BEGIN RECORDS FOR THE EXERCISE

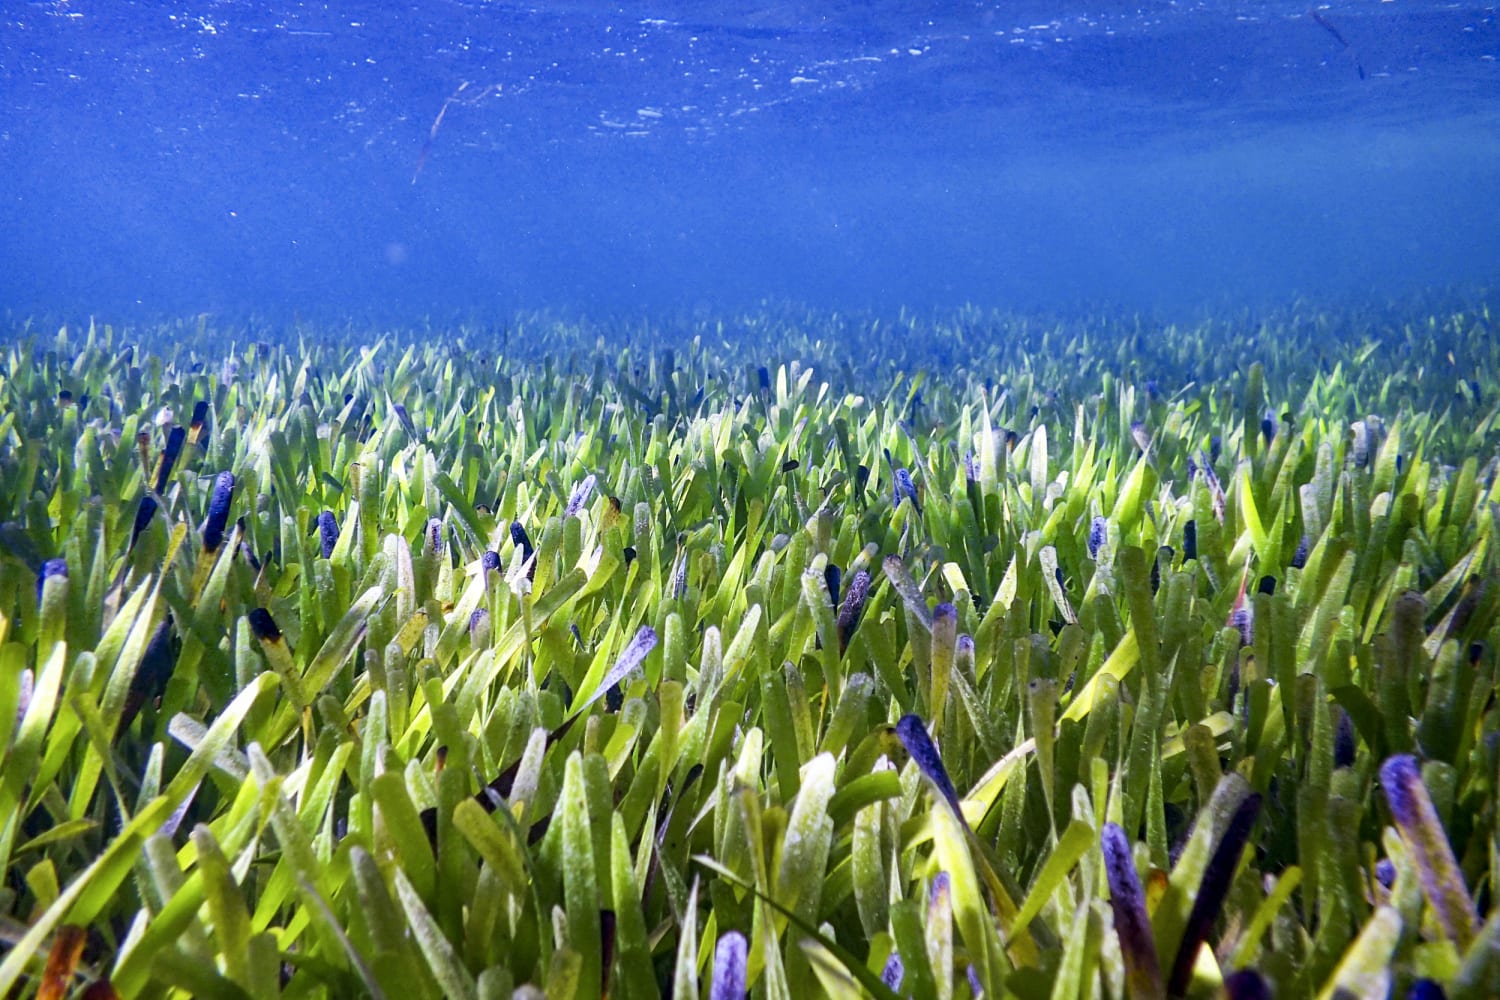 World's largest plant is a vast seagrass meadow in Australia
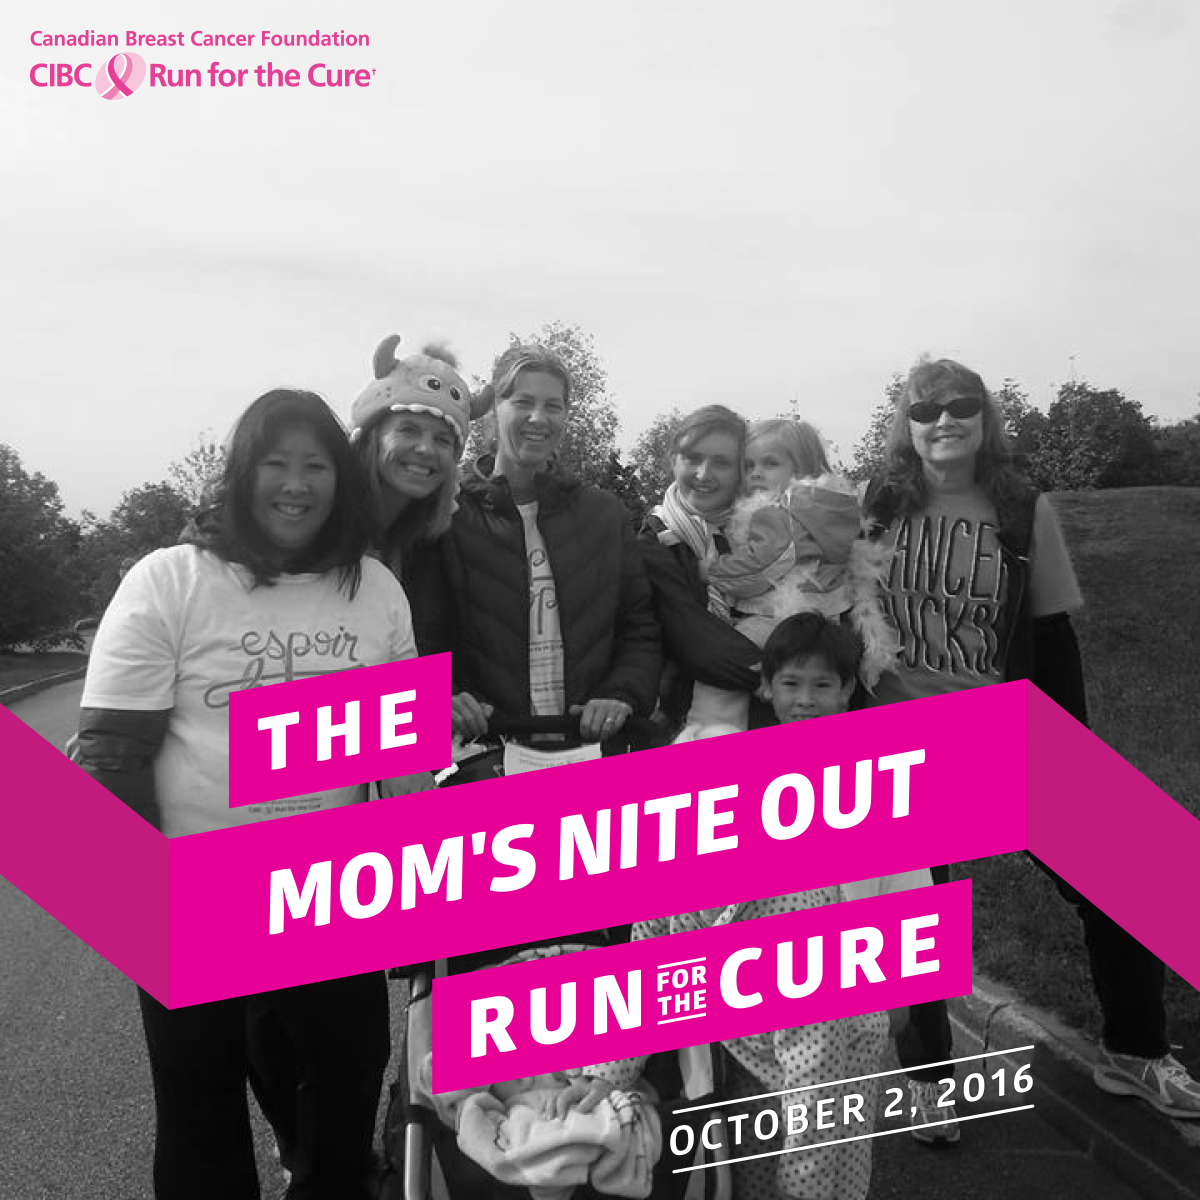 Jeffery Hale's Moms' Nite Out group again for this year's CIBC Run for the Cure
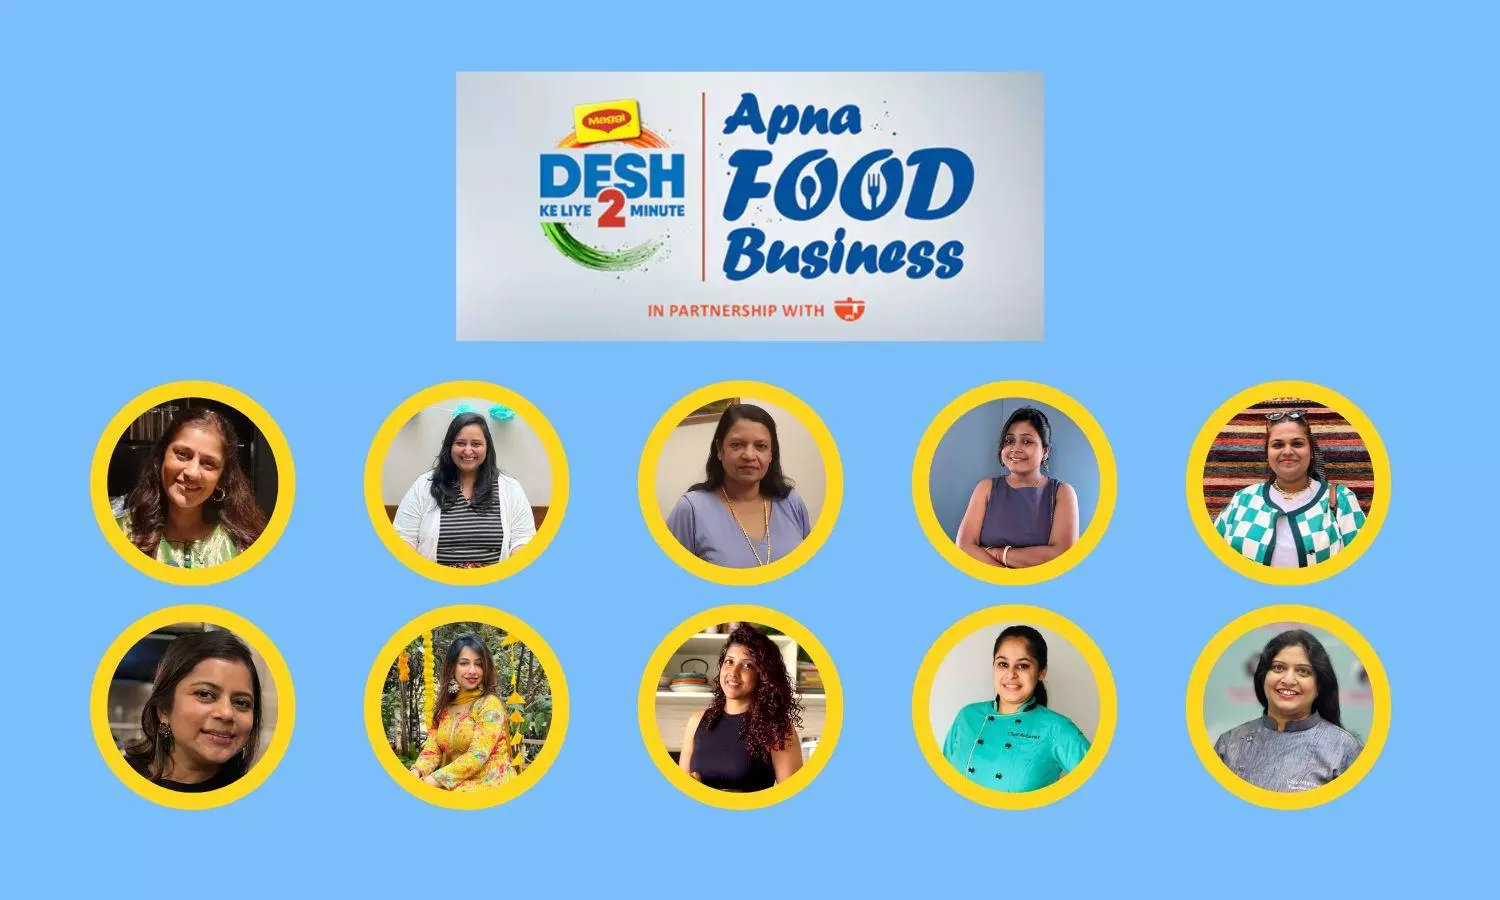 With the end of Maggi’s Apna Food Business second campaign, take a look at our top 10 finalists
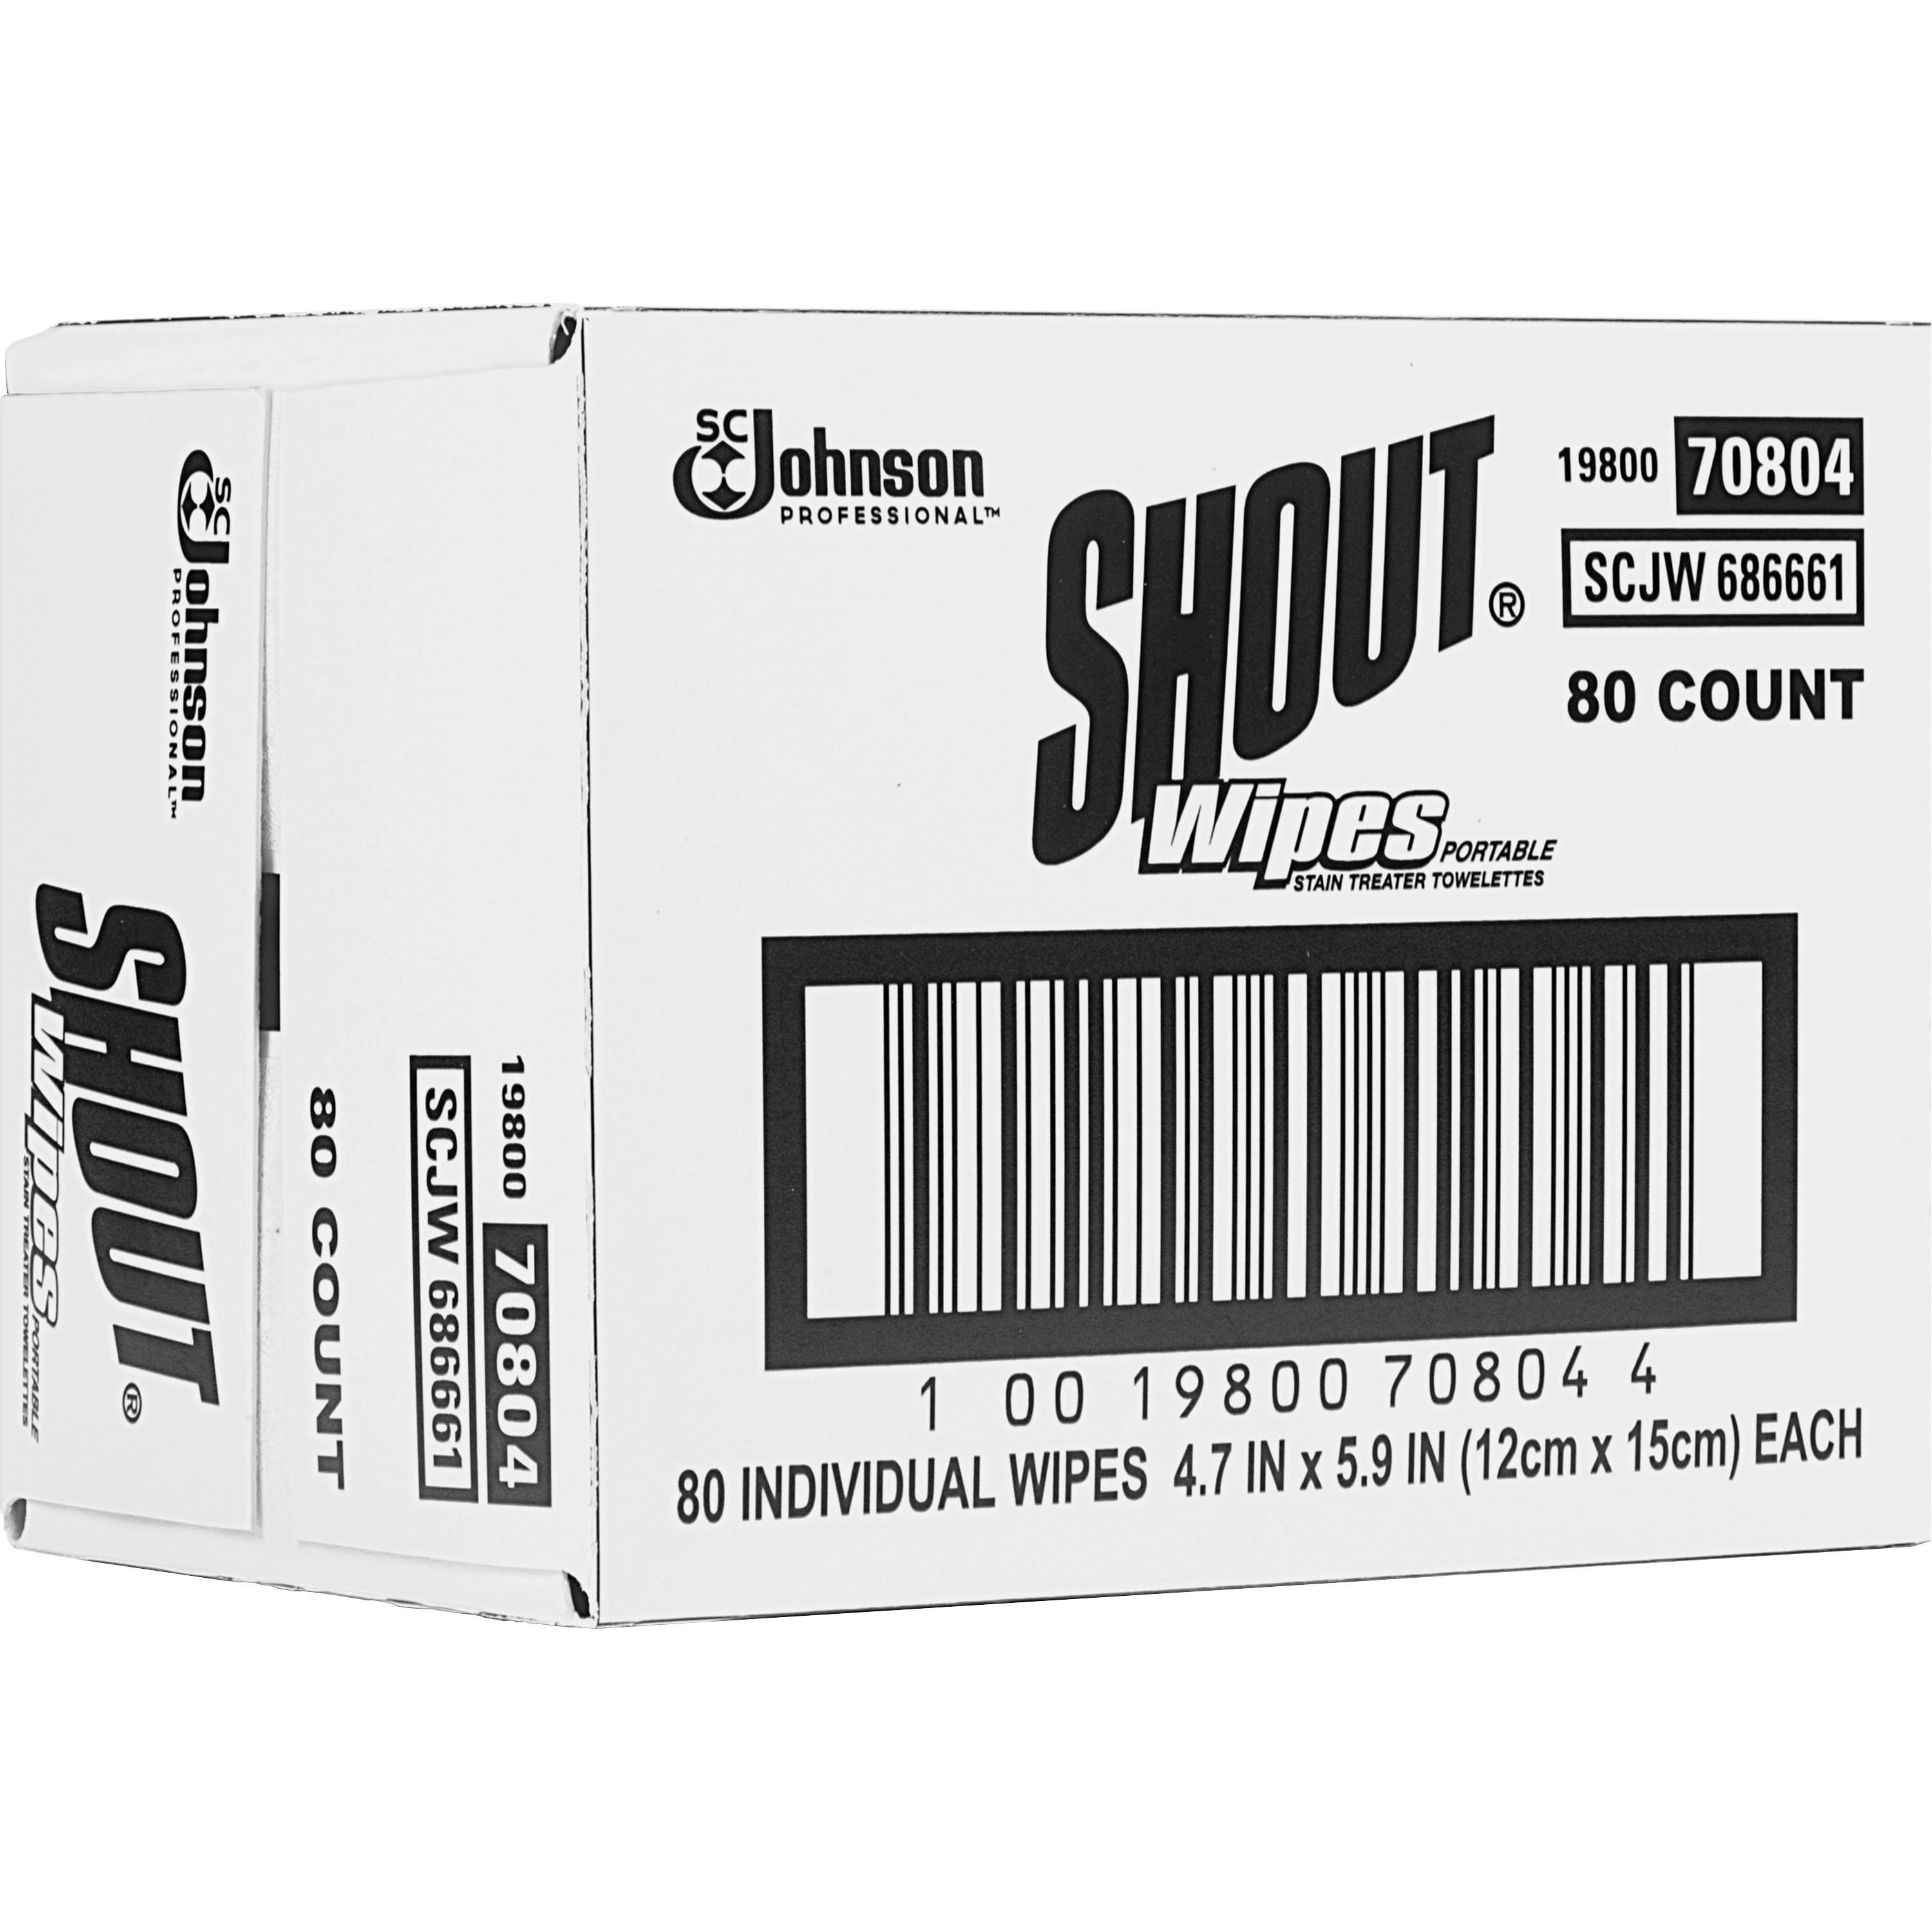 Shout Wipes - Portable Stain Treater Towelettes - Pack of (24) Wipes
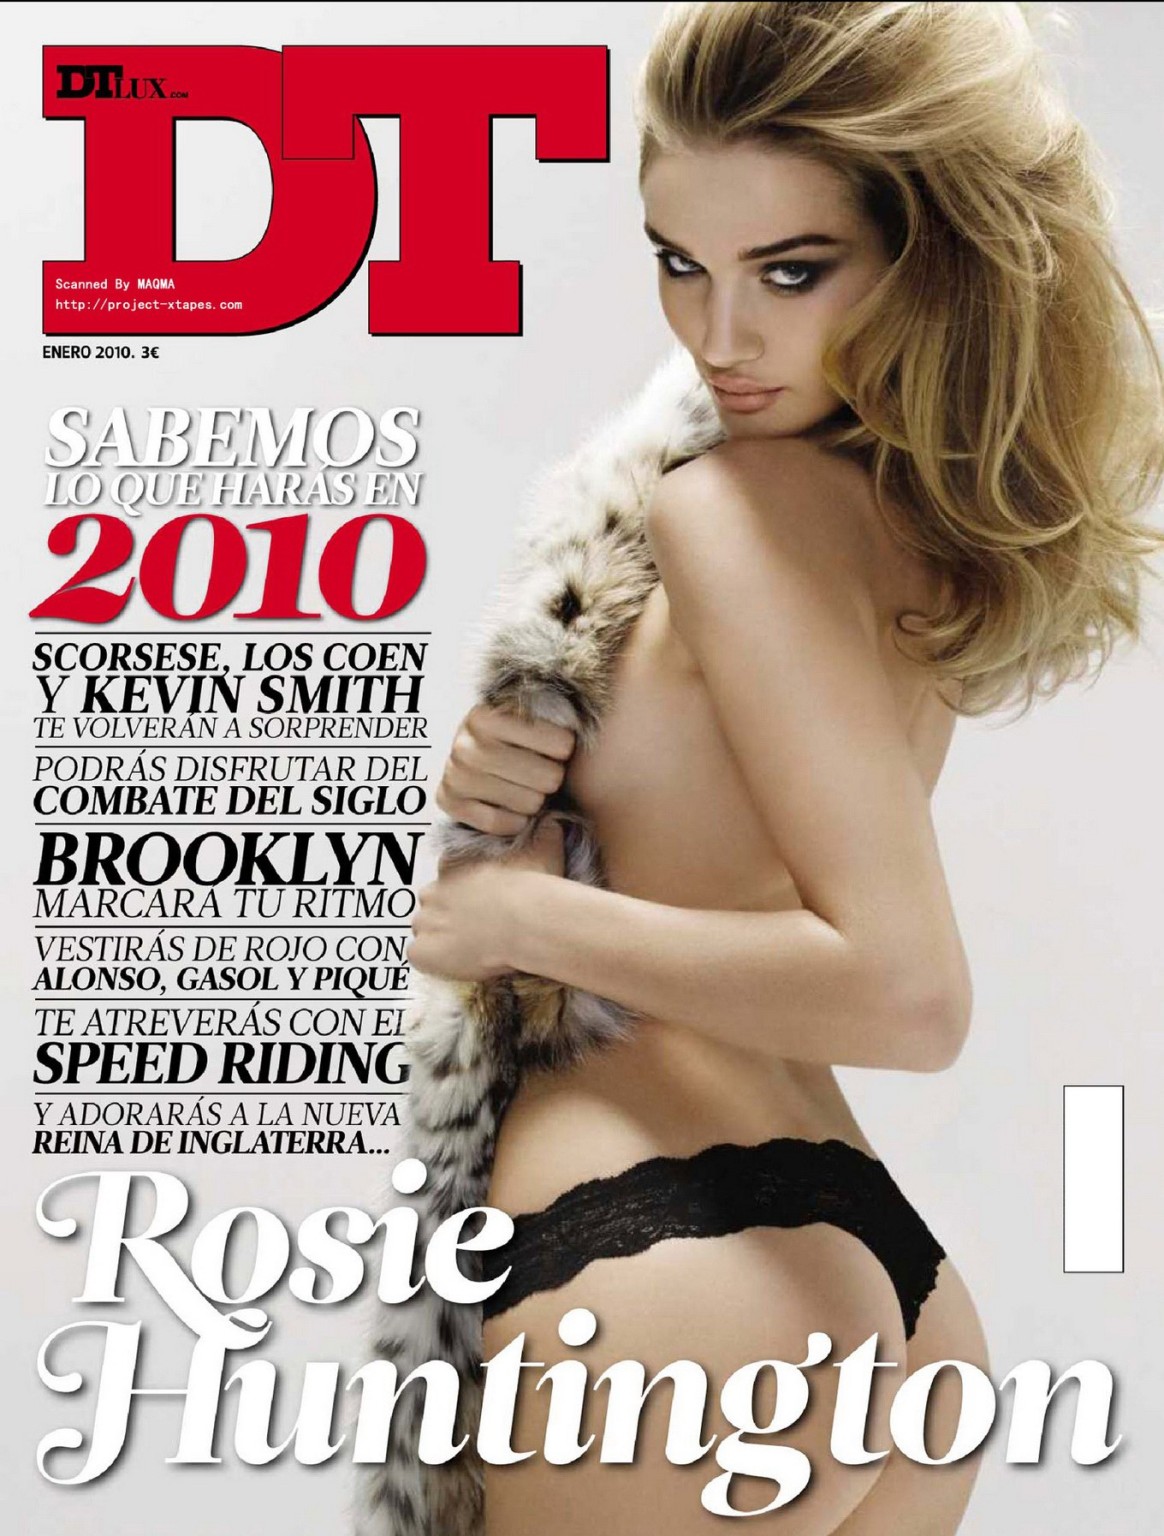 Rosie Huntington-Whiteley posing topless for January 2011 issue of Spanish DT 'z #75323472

END RECORDS FOR THE EXERCISE

- WORK INSTRUCTION
Each entry above must be duplicated precisely; none of the pictures may be included.

- WRITTEN REPLY
 World's largest plant is a vast seagrass meadow in Australia
 Jeffery Hale's Moms' Nite Out group again for this year's CIBC Run for the Cure
 With the end of Maggi’s Apna Food Business second campaign, take a look at our top 10 finalists
 Shout Wipes - Portable Stain Treater Towelettes - Pack of (24) Wipes
 Rosie Huntington-Whiteley posing topless for January 2011 issue of Spanish DT 'z #75323472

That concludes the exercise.